Background: Initiation of combination antiretroviral therapy may be followed by inflammatory reactions. We studied the epidemiology of herpes zoster infection among patients with human immunodeficiency virus (HIV) infection who were treated with combination antiretroviral therapy.
Subjects And Methods: Of 316 patients who initiated combination antiretroviral therapy, 24 (8%) were treated for herpes zoster within 17 weeks of starting therapy. The characteristics of these cases were compared with those of a control group of 96 HIV-1-infected patients, who were matched by age, sex, plasma HIV-1 RNA concentration and CD4 cell counts, and length of follow-up.

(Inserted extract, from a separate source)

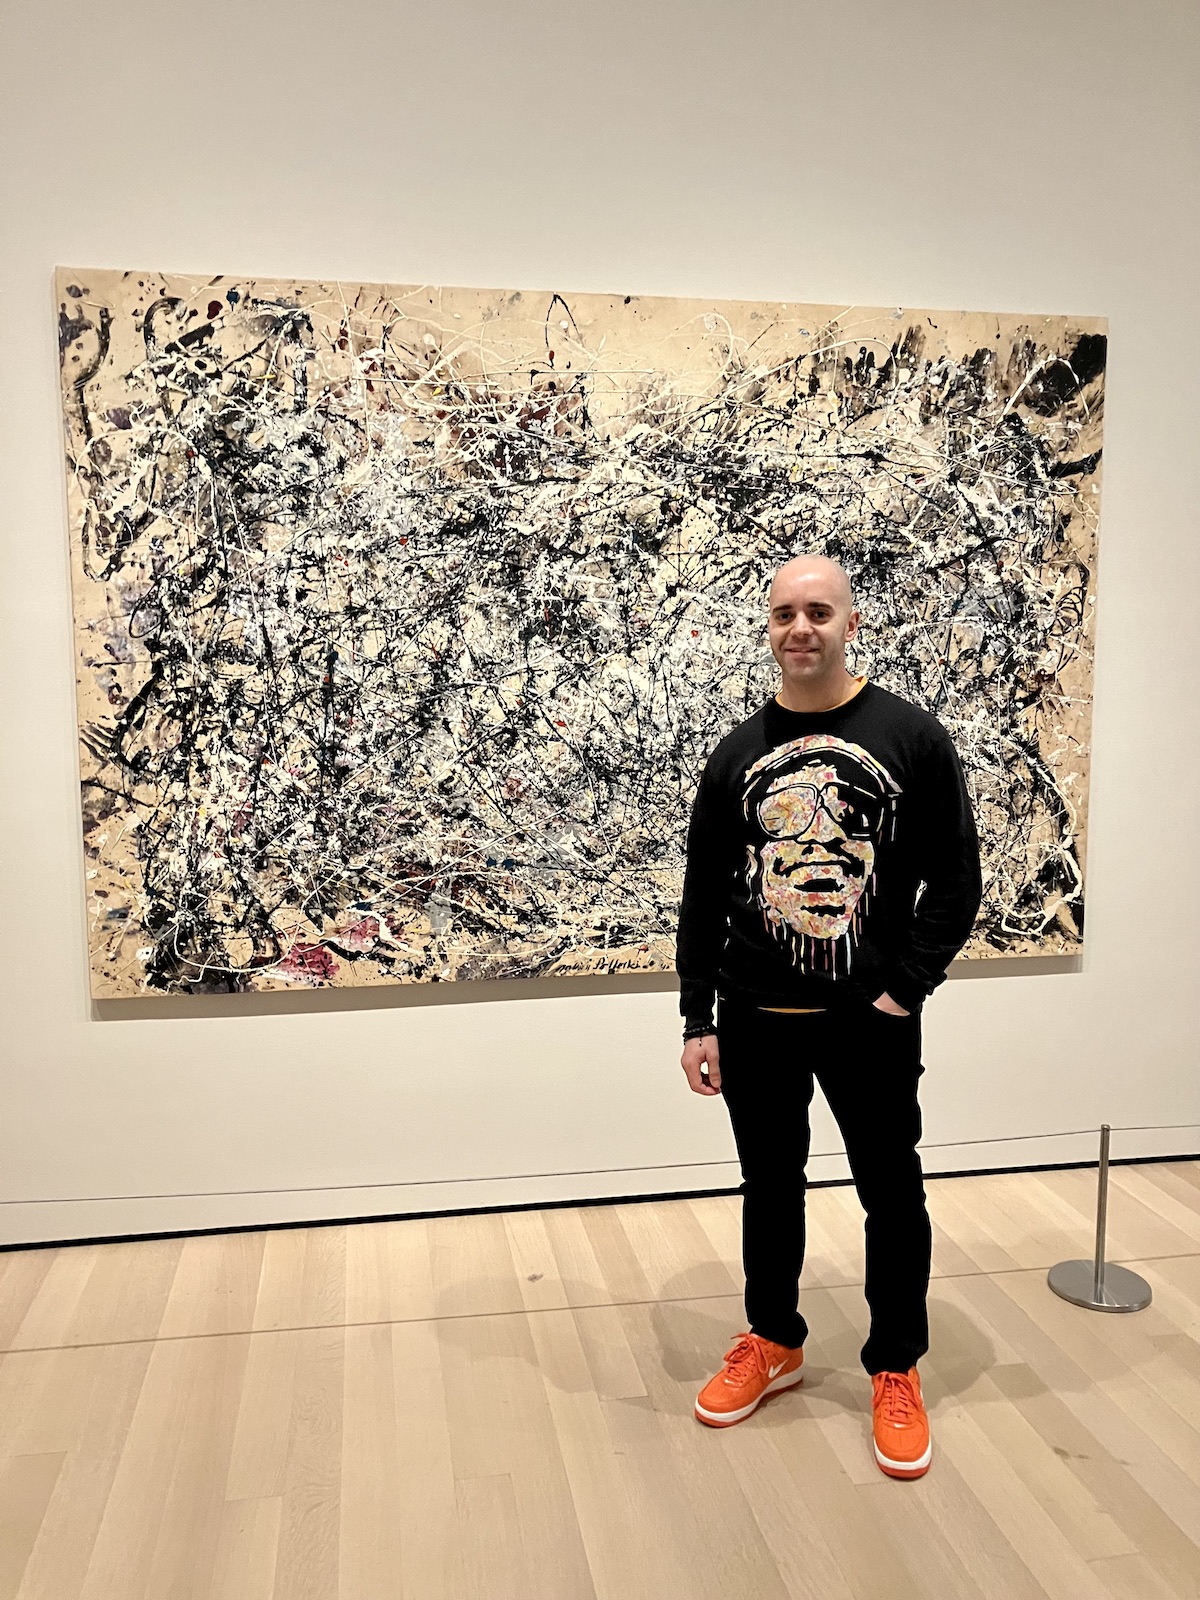 Kerwin next to Jackson Pollock painting, Number 1A, 1948, at the Museum of Modern Art, New York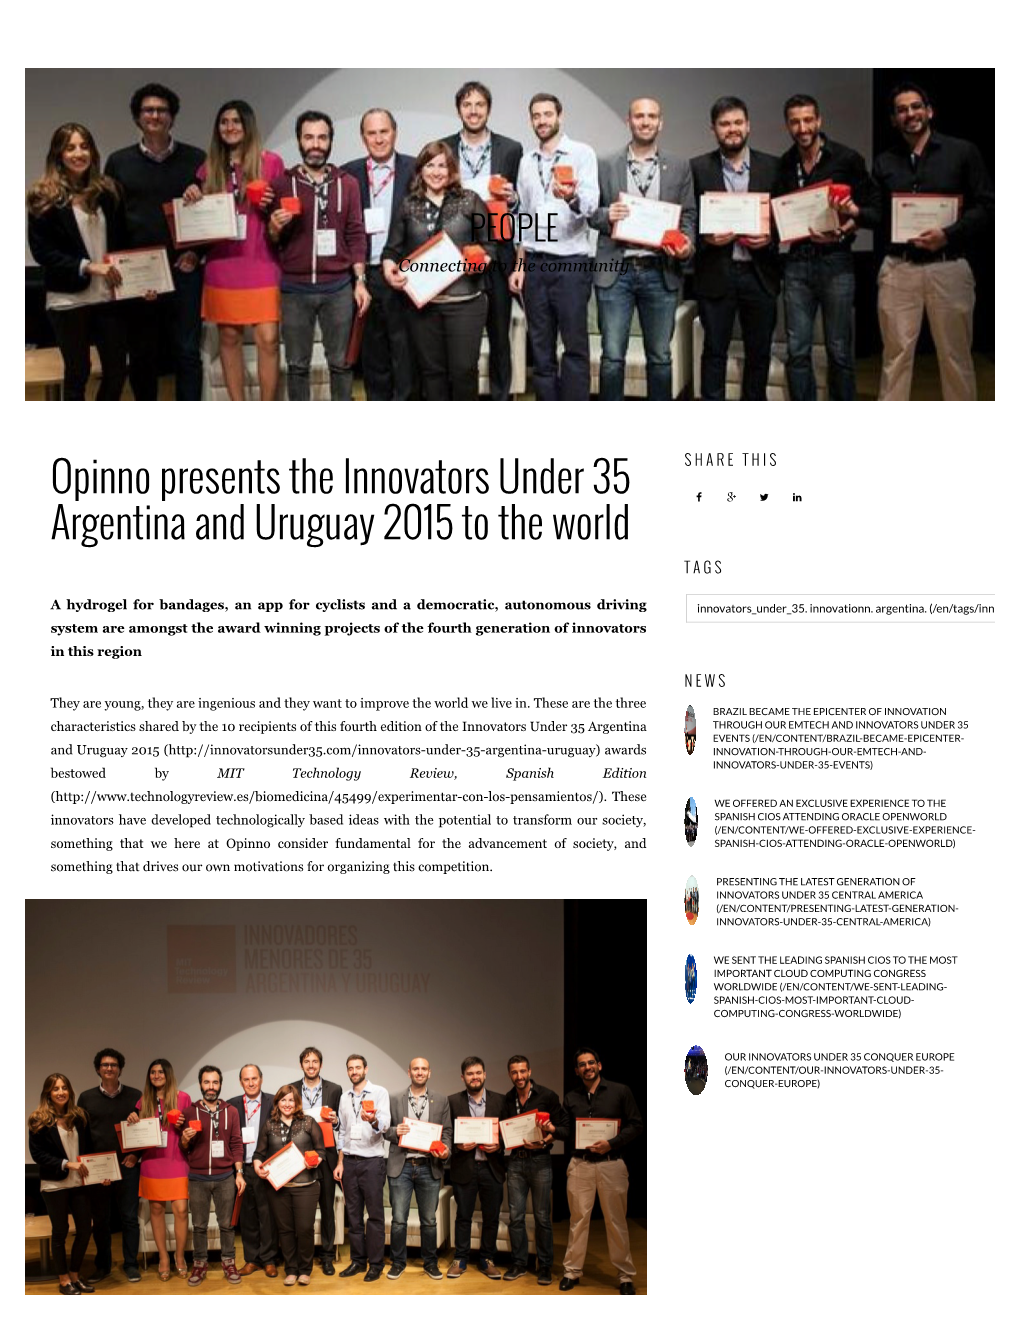 Opinno Presents the Innovators Under 35 Argentina and Uruguay 2015 To

Results: The incidence of herpes zoster associated with combination antiretroviral therapy was 9 episodes per 100 patient-years. There were no significant differences between cases and controls in age, sex, years of HIV infection, history of herpes zoster, previous acquired immune deficiency syndrome, or baseline mean CD4 and CD8 cell counts before beginning combination antiretroviral therapy. However, patients who developed herpes zoster had a significantly greater mean (+/- SD) increase in the number of CD8 cells than did controls (347 +/- 269 vs. 54 +/- 331 cells/mL, P = 0.0006). In a multivariate analysis, the only factor that was associated with the development of herpes zoster was the increase in CD8 cells from before initiation of combination antiretroviral therapy to 1 month before development of herpes zoster (odds ratio 1.3 per percentage increase; 95% confidence interval: 1.1 to 1.5; P = 0.0002).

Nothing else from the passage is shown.